DIRECTIONS FOR THIS TASK: Copy nothing but the lines below running from the line containing "Calendario Torneo A" through the line containing "Penthouse El Faro", both end lines included.

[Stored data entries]
◆ ◆ ◆ ◆

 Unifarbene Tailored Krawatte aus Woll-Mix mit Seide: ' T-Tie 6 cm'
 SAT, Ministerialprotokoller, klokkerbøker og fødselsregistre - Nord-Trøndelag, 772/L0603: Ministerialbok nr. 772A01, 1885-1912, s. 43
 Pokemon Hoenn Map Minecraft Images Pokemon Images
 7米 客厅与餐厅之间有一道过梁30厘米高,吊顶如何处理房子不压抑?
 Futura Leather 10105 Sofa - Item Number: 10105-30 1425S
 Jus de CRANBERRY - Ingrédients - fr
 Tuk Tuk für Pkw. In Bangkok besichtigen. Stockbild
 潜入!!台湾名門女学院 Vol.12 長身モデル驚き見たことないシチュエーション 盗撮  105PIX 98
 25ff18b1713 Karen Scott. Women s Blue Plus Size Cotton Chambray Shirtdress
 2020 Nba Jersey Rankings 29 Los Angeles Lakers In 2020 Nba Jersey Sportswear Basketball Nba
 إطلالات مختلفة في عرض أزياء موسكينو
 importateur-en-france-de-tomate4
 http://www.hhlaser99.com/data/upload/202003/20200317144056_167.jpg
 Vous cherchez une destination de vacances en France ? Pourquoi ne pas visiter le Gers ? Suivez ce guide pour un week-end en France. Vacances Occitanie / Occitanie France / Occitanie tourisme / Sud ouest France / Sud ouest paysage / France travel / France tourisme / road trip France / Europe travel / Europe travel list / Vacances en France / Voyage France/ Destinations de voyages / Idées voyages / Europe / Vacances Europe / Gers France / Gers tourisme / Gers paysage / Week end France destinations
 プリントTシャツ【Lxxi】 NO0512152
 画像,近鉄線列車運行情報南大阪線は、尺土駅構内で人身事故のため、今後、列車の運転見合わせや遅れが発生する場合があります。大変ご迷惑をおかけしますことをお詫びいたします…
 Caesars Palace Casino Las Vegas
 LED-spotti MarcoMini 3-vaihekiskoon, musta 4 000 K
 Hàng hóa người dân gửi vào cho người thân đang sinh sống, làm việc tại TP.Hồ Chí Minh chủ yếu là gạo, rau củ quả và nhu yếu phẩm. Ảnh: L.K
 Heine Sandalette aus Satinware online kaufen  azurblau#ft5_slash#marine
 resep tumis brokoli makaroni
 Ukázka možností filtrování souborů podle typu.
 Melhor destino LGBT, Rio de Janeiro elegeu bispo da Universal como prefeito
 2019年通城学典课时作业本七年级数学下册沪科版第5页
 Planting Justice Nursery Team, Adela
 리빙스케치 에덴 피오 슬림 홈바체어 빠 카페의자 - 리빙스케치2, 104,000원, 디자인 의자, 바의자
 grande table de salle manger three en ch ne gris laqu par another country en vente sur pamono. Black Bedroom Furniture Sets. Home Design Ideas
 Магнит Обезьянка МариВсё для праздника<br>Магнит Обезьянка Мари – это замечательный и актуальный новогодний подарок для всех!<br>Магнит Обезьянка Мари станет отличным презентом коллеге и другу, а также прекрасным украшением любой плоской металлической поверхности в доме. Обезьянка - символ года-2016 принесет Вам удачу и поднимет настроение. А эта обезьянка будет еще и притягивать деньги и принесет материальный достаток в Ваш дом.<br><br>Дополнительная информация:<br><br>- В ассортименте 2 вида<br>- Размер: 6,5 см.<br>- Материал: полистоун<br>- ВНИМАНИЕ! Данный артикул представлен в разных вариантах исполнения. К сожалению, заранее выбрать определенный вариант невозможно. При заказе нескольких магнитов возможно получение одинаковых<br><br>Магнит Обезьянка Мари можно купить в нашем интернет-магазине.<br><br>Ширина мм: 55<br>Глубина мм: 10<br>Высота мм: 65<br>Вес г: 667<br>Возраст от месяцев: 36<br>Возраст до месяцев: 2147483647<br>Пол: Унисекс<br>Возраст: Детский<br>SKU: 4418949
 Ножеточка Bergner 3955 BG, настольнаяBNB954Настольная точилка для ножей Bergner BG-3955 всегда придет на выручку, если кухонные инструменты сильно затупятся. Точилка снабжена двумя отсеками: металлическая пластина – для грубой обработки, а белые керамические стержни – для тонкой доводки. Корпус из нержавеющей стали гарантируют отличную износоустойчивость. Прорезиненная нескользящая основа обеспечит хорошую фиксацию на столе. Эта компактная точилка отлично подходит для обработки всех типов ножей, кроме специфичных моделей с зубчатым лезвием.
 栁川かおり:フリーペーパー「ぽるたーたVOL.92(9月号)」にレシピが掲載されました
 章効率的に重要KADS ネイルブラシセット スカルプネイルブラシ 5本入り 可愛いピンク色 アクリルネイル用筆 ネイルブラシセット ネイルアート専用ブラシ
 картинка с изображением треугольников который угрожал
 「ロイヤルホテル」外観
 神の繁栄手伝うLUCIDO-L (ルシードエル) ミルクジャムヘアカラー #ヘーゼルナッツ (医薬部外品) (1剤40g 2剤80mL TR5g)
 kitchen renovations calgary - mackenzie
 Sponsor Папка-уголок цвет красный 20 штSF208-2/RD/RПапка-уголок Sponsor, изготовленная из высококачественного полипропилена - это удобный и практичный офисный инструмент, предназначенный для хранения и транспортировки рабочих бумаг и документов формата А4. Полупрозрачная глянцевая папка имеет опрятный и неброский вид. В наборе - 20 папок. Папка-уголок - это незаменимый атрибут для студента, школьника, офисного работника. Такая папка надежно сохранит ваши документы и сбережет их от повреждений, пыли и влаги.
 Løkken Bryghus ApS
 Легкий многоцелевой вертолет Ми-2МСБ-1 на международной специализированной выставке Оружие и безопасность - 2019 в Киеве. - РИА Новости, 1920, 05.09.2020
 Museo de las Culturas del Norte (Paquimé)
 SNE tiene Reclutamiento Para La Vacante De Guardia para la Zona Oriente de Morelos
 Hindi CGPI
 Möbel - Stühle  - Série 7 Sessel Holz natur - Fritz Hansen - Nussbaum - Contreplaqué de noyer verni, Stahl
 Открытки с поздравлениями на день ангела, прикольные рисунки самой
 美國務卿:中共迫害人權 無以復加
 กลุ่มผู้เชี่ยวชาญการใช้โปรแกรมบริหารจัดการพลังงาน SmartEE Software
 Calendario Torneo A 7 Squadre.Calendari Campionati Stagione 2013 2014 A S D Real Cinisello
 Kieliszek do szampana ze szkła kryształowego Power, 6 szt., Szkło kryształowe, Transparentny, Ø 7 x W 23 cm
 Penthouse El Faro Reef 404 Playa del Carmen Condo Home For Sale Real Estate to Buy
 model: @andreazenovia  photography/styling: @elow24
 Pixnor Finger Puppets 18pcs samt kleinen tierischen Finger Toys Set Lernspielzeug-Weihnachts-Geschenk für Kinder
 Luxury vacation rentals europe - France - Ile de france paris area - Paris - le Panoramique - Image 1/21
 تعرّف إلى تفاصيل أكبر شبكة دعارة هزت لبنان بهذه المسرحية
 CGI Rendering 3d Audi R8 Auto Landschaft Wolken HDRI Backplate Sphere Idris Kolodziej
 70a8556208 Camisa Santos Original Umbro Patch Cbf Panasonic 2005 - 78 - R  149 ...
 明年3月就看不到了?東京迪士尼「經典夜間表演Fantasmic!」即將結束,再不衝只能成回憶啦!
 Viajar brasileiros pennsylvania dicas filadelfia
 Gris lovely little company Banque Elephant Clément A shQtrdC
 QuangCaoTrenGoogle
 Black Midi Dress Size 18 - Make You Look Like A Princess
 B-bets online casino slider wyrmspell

◆ ◆ ◆ ◆

YOUR RESPONSE:
 Calendario Torneo A 7 Squadre.Calendari Campionati Stagione 2013 2014 A S D Real Cinisello
 Kieliszek do szampana ze szkła kryształowego Power, 6 szt., Szkło kryształowe, Transparentny, Ø 7 x W 23 cm
 Penthouse El Faro Reef 404 Playa del Carmen Condo Home For Sale Real Estate to Buy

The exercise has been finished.